Alarm	Condition	Eval Interval
`agent-high-llm-error-rate`	LLM error rate > 10% over 15 min	60 s
`agent-high-cost`	Projected daily LLM spend > $50	1 h
`agent-event-backlog`	Event processing errors for 5 min	60 s

All alarms notify the shared SNS alerts topic on both ALARM and OK transitions.

Dashboards

Four CloudWatch dashboards provide at-a-glance operational visibility using PromQL queries against OTLP-ingested metrics.
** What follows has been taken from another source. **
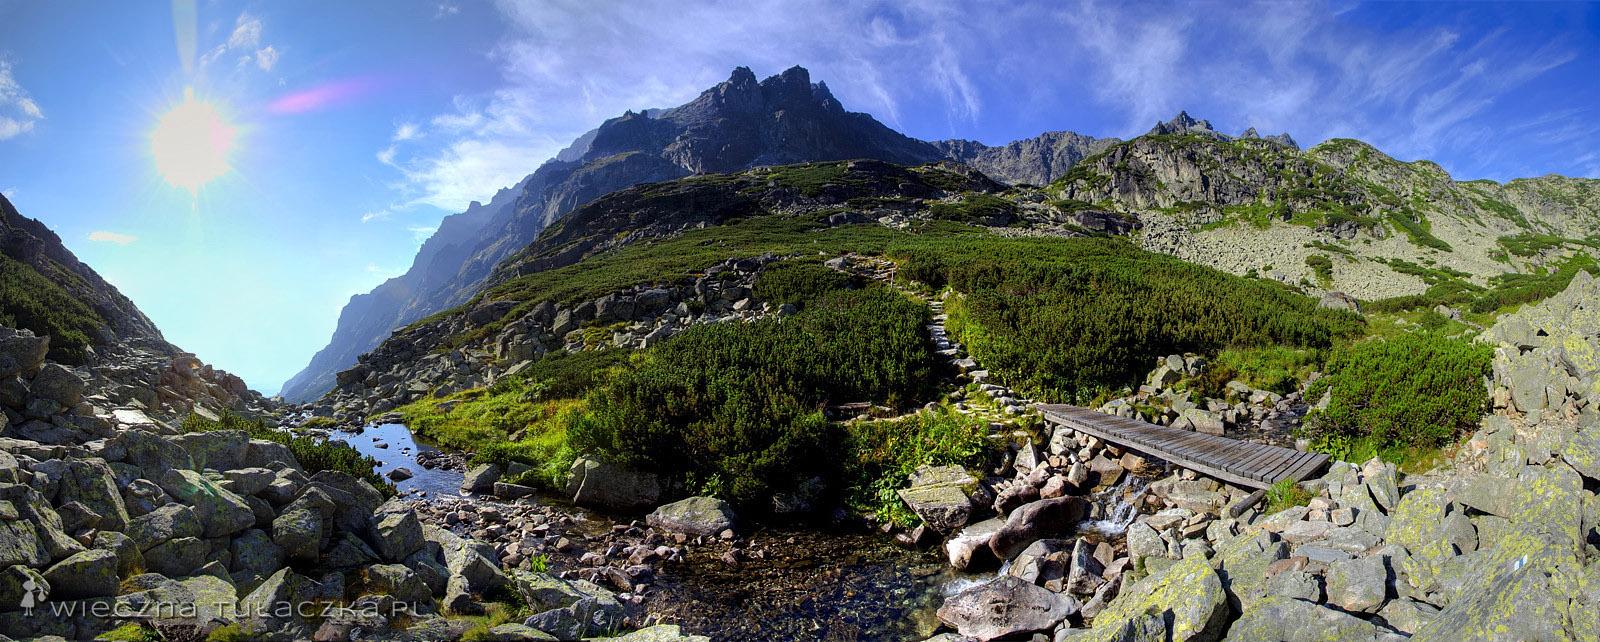 Dolina Staroleśna, szlak do Zbójnickiej Chaty

Dashboards refresh automatically and cost $3/dashboard/month ($12/month total).

Dashboard	Purpose
`${stack}-service-health`	Request rates, error rates, latency, targets
`${stack}-agent-operations`	LLM cost, tokens, workflows, events, errors
`${stack}-k8s-health`	Deployments, StatefulSets, restarts, CronJobs
`${stack}-credential-expiry`	Token expiry timelines and age tracking

Service Health Dashboard

HTTP request rate by service
5xx error rate by service
Request latency percentiles (p50/p95/p99)
Scrape target up/down status
SQS processing rate by status
Database connection pool usage

Agent Operations Dashboard

LLM cost rate by model ($/hr)
Token usage by model and direction (tokens/hr)
Workflow duration p95 by workflow type
Event handling rate by action
LLM request error rate
Sandbox acquire latency p95

Kubernetes Health Dashboard

Deployment ready replica counts
StatefulSet ready replica counts
Pod restart rate per hour
Containers in waiting state (by reason)
Failed CronJobs

Credential Expiry Dashboard

Days until nearest token expiry (minimum)
Count of tokens expiring within 28 days
Oldest token age
Per-token expiry timeline
Per-token age timeline

Operations

Adding a New Scrape Target

To have the OTel Collector scrape a new service:

Ensure the application exposes a Prometheus /metrics endpoint

Add annotations to the K8s Service (in the infrastructure repo):

metadata:
  annotations:
    prometheus.io/scrape: "true"
    prometheus.io/port: "9090"
    prometheus.io/path: "/metrics"

Deploy — the collector auto-discovers annotated services via kubernetes_sd_configs

Adding a New PromQL Alarm

Add an AWS::CloudWatch::Alarm resource to hummingbird-monitoring/template.yaml:

MyNewAlarm:
  Type: AWS::CloudWatch::Alarm
  Metadata:
    cfn-lint:
      config:
        ignore_checks: [E3002, E3014]
  Properties:
    AlarmName: !Sub ${AWS::StackName}-my-new-alarm
    AlarmDescription: Description of what this detects
    ActionsEnabled: true
    AlarmActions: [!Ref AlertsTopic]
    OKActions: [!Ref AlertsTopic]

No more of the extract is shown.